My thinking about this crystallized this past Thursday when I went to a book talk by Amelia Hruby, author of Your Attention Is Sacred Except on Social Media. The book offers a nuanced critique of the attention economy, but Amelia also asks questions designed to unlock our thinking about what these platforms do for us: How does it feel? Is this working for me? Why do I believe it has to be this way? As she said during the Q&A session, “We often have more space to maneuver than we imagine.”

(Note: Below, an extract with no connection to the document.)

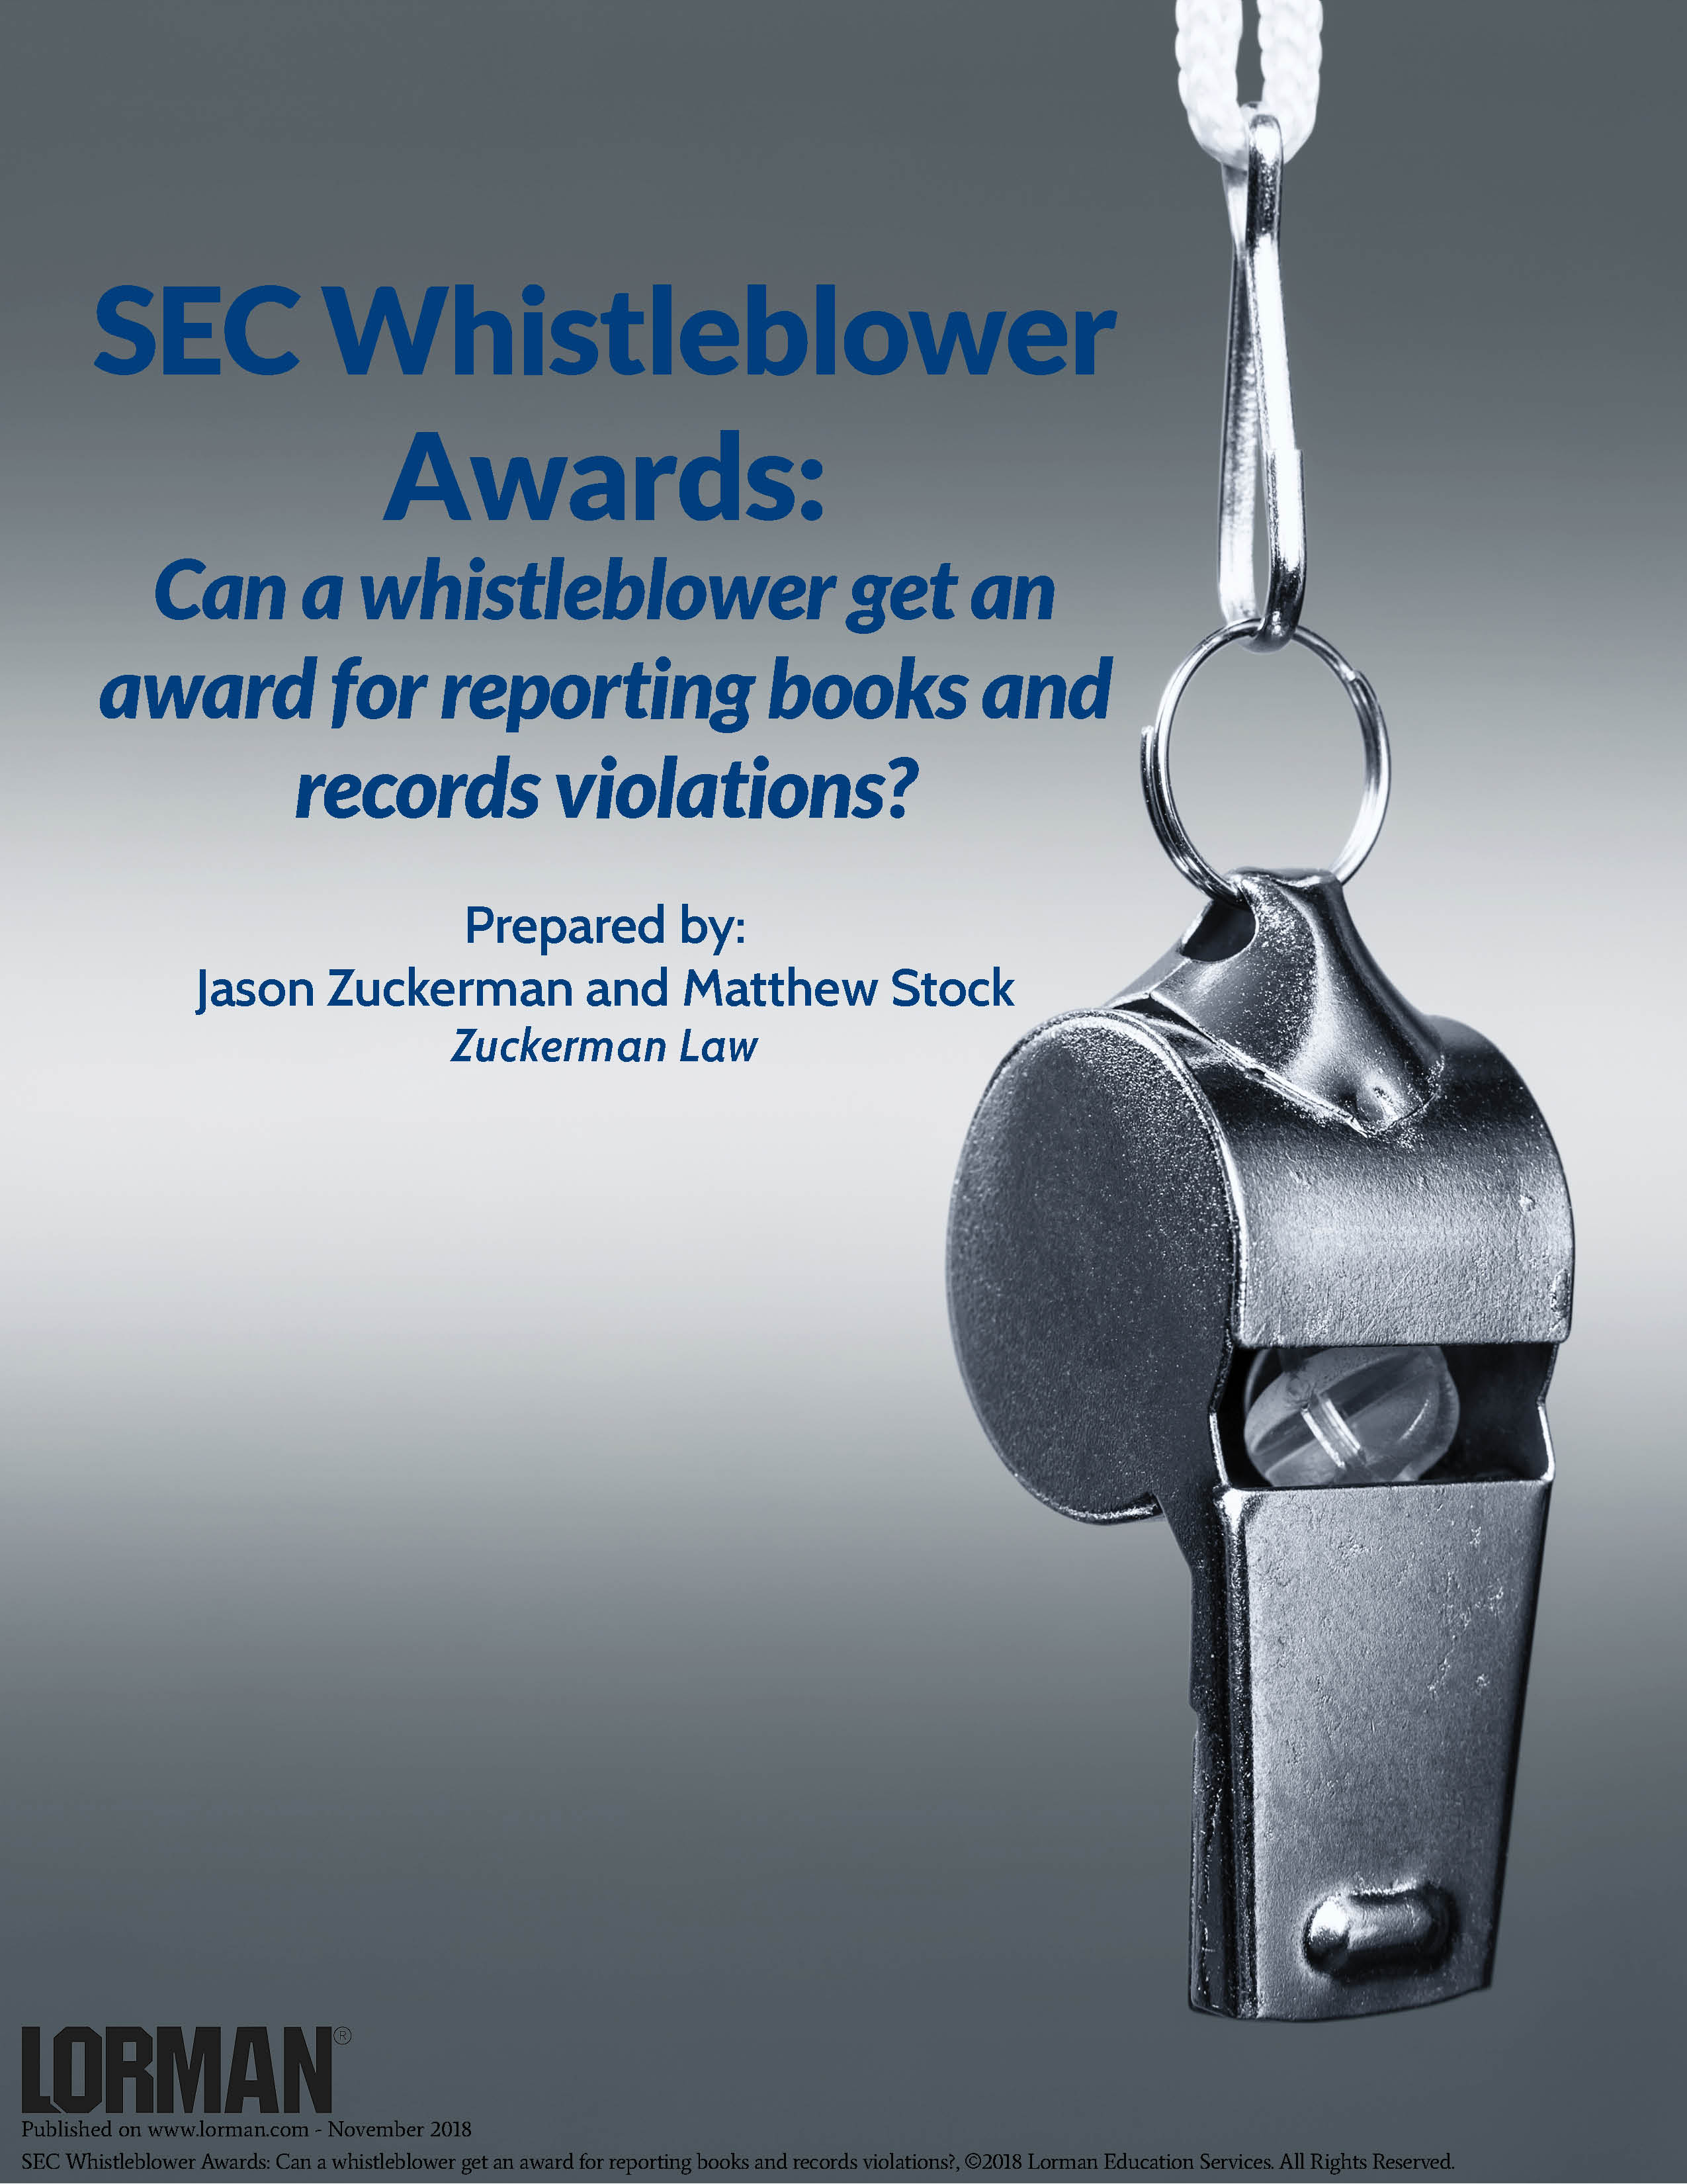 SEC Whistleblower Awards: Can whistleblower get an award for reporting books and records violations?

And if you are wondering, well, what do we use instead of social media to help people discover our work, Amelia has answers to that too—the book includes a list of 100 ways to share your work off social media, which you can also access as a free Notion template. As it turns out, the book event I attended, at the charming Black Bird Bookstore, was a way for people to discover Amelia’s work and also a way for attendees to discover the zine Actually People Quarterly created by the evening’s hosts, which I promptly bought after the event.
I am still eyeing a fall publication date and possibly even a Kickstarter campaign for my next Novel Study book, so you’ll get to watch me experimenting in real time with what does and doesn’t work. I’m curious to hear about your own experiments as well—respond to this email to tell me what you are trying, especially if it’s something that’s bringing you joy.
Novel Study
I’m still working my way through my reread of VE Schwab’s Bury Our Bones in the Midnight Soil in preparation for writing my post analyzing the overall structure, which will focus on the way Schwab manages the sweeping chronology of the novel.

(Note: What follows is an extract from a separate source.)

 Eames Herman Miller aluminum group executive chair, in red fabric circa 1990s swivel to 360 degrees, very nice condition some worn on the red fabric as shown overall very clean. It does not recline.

But in the meantime, please check out the full Novel Study archive. You can browse all of the posts or use the tags to zero in on openings, scene studies, or structure posts.
Book birthdays!
Don’t Ask Why, by Steph Nelson
She hoped this girls’ trip would help her heal. Instead, it just might kill her.

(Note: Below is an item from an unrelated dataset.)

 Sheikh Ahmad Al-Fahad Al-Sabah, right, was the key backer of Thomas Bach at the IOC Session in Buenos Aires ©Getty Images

Still reeling from her husband’s death, Courtney joins her three best friends on a secluded island in the Florida Keys. But the getaway meant to bring peace quickly spirals into chaos.
First comes a rumor about a woman who was recently killed on the island. Then the property manager is nowhere to be found. When a stranger shows up at the vacation rental and one of the friends goes missing, Courtney starts to wonder if they’ll make it home at all.
There’s no Wi-Fi. No cell service. No way off the island for four days.
But four days is too long to wait for help.
If Courtney wants to survive, she’ll have to fight for her life.
Congrats, Steph! Learn more and buy the book here. Check out my Instagram post to find out my favorite things about the book.
Upcoming appearances
I love speaking to writers and editors—check out my Speaking page or reply to this email if you are interested in having me speak to your group.
EFA STET Talk, Wednesday, March 25, 12pm ET / 9am PT, virtual: Talk and Q&A with Dayna Reidenouer about newsletter strategies – free for EFA members!
IPA BookCamp, April 24, Newark, NJ: I’ll be giving a talk about revision strategies and how to read your manuscript like an editor
Our Thing of Joy this week is a hilarious short featuring Brennan, Zac, and Josh from the Dropout TV show Make Some Noise, which is a reliable thing of joy in our household. The story of Dropout itself is a thing of joy, if you don't know it: when parent company CollegeHumor was shut down in 2020, CEO Sam Reich bought the company, asked fans to subscribe, and has since built it into an indie streaming service with over a million paid subscribers.
Stay well, y’all, and keep fighting the good fights.